**** ENTRIES SHOWN

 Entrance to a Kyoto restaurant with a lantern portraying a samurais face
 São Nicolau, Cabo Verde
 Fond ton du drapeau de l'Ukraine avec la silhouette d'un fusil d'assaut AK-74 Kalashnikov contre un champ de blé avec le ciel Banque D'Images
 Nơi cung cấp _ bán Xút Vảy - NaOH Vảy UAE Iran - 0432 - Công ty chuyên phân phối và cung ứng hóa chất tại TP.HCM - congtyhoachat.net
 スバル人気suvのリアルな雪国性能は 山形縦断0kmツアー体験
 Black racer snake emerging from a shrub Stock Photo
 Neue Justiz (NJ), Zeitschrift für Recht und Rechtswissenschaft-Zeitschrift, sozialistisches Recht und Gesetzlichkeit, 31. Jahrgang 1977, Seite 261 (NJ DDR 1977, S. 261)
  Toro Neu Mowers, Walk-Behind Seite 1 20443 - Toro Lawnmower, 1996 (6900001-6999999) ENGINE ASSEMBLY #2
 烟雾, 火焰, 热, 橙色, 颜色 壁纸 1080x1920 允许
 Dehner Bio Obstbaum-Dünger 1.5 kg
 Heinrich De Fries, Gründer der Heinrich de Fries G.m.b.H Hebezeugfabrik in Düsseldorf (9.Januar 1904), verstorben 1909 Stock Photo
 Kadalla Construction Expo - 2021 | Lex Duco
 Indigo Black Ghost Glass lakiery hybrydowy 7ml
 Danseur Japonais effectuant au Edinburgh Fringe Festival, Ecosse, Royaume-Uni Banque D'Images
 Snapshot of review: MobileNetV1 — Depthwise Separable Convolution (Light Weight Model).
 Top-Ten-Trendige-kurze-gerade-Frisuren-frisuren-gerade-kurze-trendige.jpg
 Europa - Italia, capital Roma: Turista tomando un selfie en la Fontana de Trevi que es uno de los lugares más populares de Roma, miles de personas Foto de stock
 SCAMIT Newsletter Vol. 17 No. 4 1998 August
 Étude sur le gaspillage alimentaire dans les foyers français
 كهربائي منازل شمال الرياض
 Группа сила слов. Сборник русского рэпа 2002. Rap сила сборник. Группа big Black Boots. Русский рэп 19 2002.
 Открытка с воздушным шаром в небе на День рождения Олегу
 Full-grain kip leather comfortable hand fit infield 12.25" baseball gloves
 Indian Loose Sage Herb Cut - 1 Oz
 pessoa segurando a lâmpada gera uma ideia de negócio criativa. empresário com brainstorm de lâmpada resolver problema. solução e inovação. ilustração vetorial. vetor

********

### ACTIVITY
Reply with the number only, stating how many lines in the listing hold the string "Seite".

### EXPECTED ANSWER
2